Live with the configuration and watch two things: first, what the new slot's line does independently on the pane (even if hidden, you can un-hide it to inspect); second, how the blended fast moves differently than it did without the cross-ticker slot.
The question the routine asks.
"On the bars where my main chart's read would have been bullish without this slot, is the related instrument's higher-timeframe read agreeing with that lean or disagreeing?"
You are not looking for the cross-ticker slot to tell you what to do. You are looking for it to tell you when your main read has background support and when it does not. A small weight is what keeps the slot in the role of witness rather than judge.
What not to do inside this routine.
Do not set the cross-ticker slot's weight above 25.0. Beyond that, the slot stops questioning and starts voting, and the blend starts reading the related instrument as if it were the main chart.
Do not add a second cross-ticker slot at the same time. One related instrument at a time is enough to test; two is a new experiment.
Do not forget you configured a cross-ticker slot. The most common misuse is to run this routine on one chart, switch to a different chart, and forget that the cross-ticker override is still reading the original related symbol. Review your configuration when you open a new chart session.
Verification checklist.
Exactly one slot has a non-empty
Ticker:value. The other slots are still reading the chart symbol.The cross-ticker slot's
Weight:is at or below 25.0.The cross-ticker slot's
Timeframe:is at or above the chart timeframe.You can name, in one sentence, the relationship between the two symbols and why it is informative.
You have committed to reviewing the configuration the next time you open this chart, so the override does not quietly travel to a new instrument.
Anti-patterns that look like routines
These are the configurations that resemble a disciplined routine but are actually the failure modes the routines are designed to prevent. Naming them here is more useful than listing them inside each routine.

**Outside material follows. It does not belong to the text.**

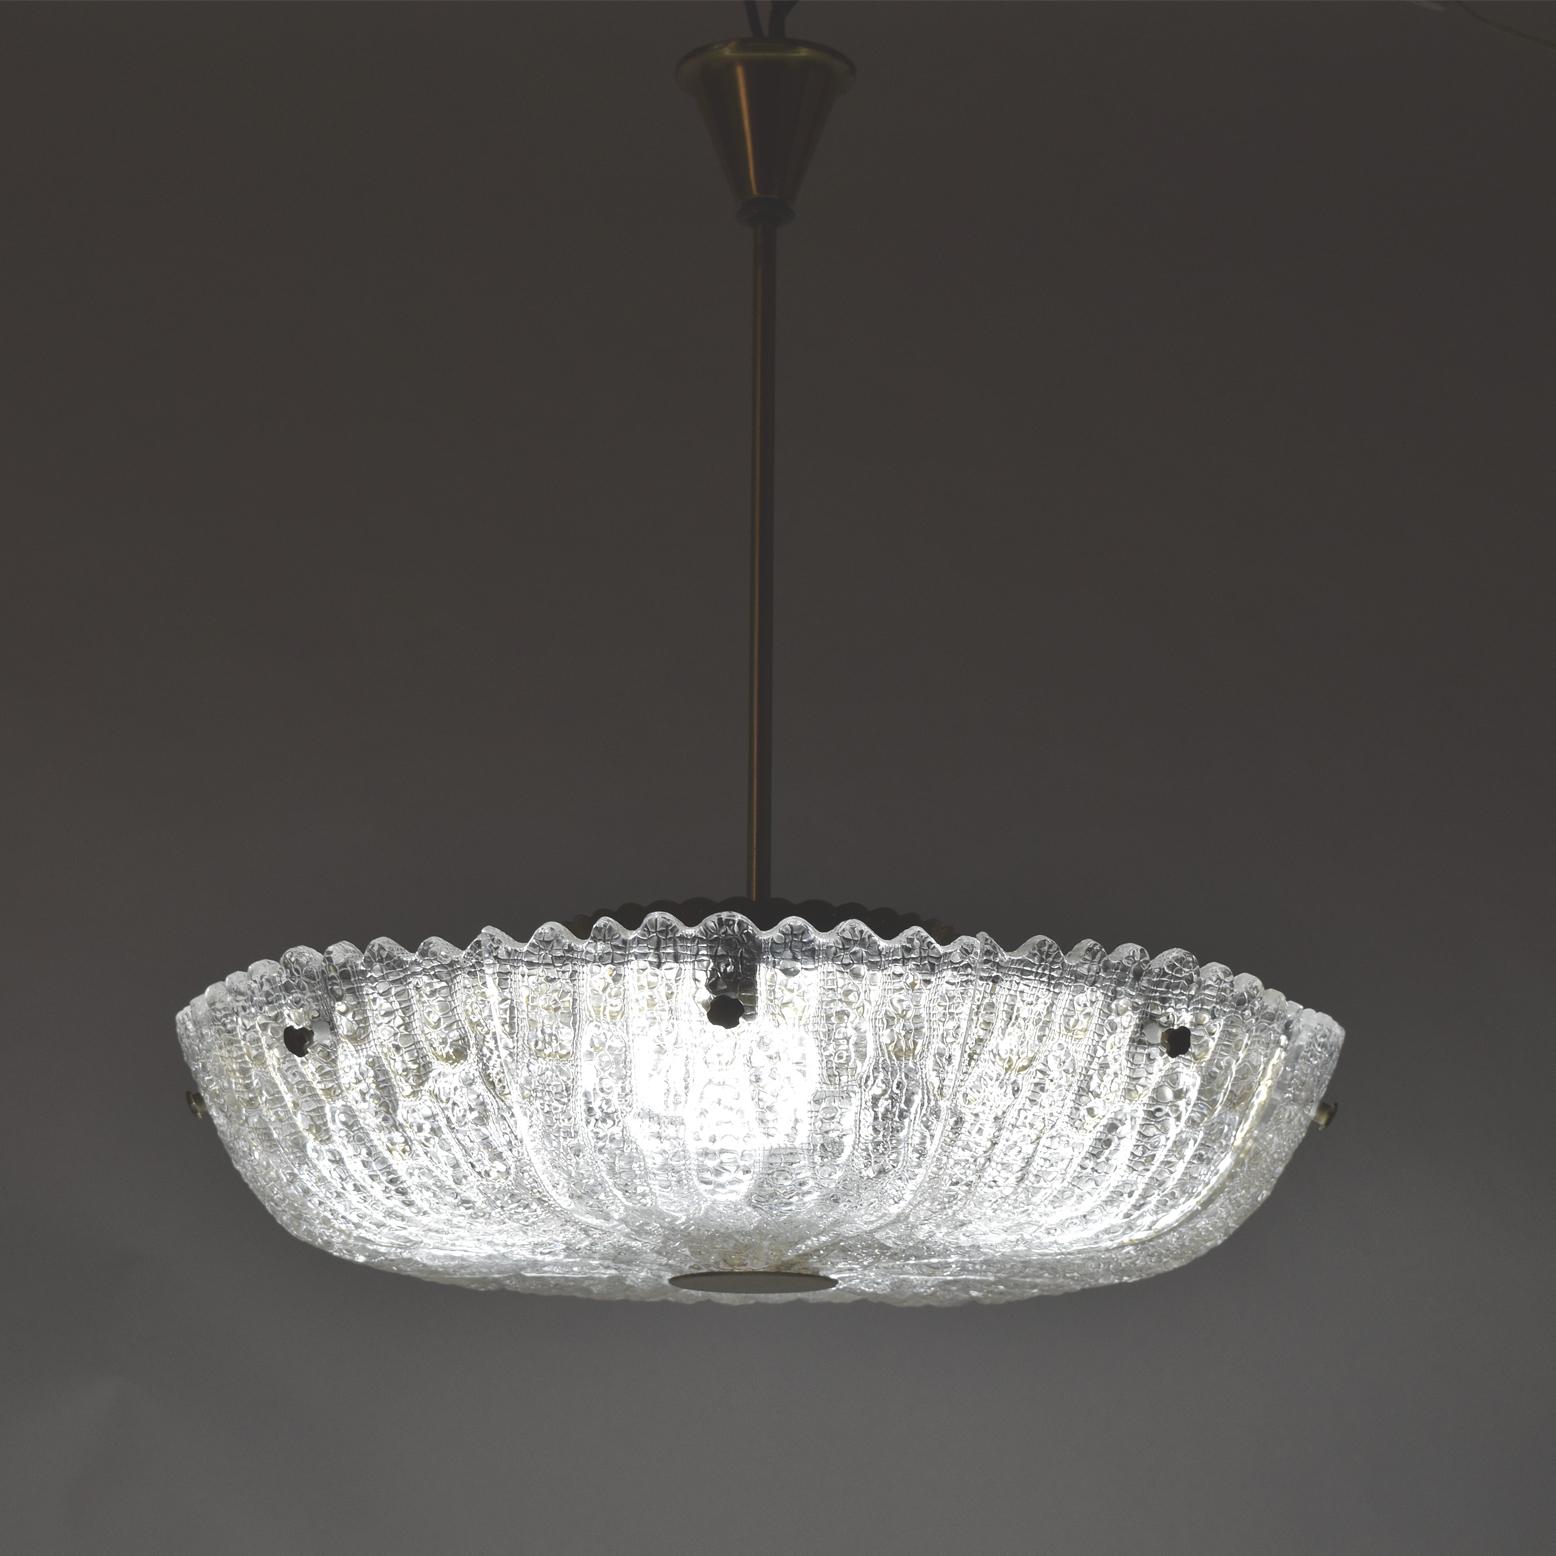 Mold-blown glass Orrefors ceiling lamp, with brass diffuser, rod and decorative screws. Designed by Carl Fagerlund.

"Turn everything on and see what the chart says"
Enabling Divergence, Keltner, BBWP, and Donchian on the first session of a new install, along with smoothing, along with an elevated sensitivity. This is not a routine. It is a visual overload experiment. You cannot attribute anything the pane is doing to any single element because you changed too many elements at once. The correct move is to turn on one extra at a time and live with it before turning on the next.
"Solve noise with smoothing"
Noticing that the blended fast is whippy and reaching for Enable Smoothing to quiet it. Most of the time, the whip is not noise β it is saturation from sensitivity that has been cranked too high. Smoothing tidies the saturated line and masks what you actually did. Routine fix: confirm ATR Sensitivity is around 1.0 first. Only reach for smoothing when the pane is noisy at a sane sensitivity and you have explicitly chosen to trade responsiveness for quietness.
"Crank weights until one slot wins"
Setting a single slot to weight 100 and the others to zero, calling the result a blend, and running alerts on it. The blend label persists but you have turned off the blend. If the goal was to read a single timeframe, you did not need STR β the Base MA Osc reads a single timeframe cleanly. If the goal was a blend with a dominant voice, Routine B covers that; do not go above 70.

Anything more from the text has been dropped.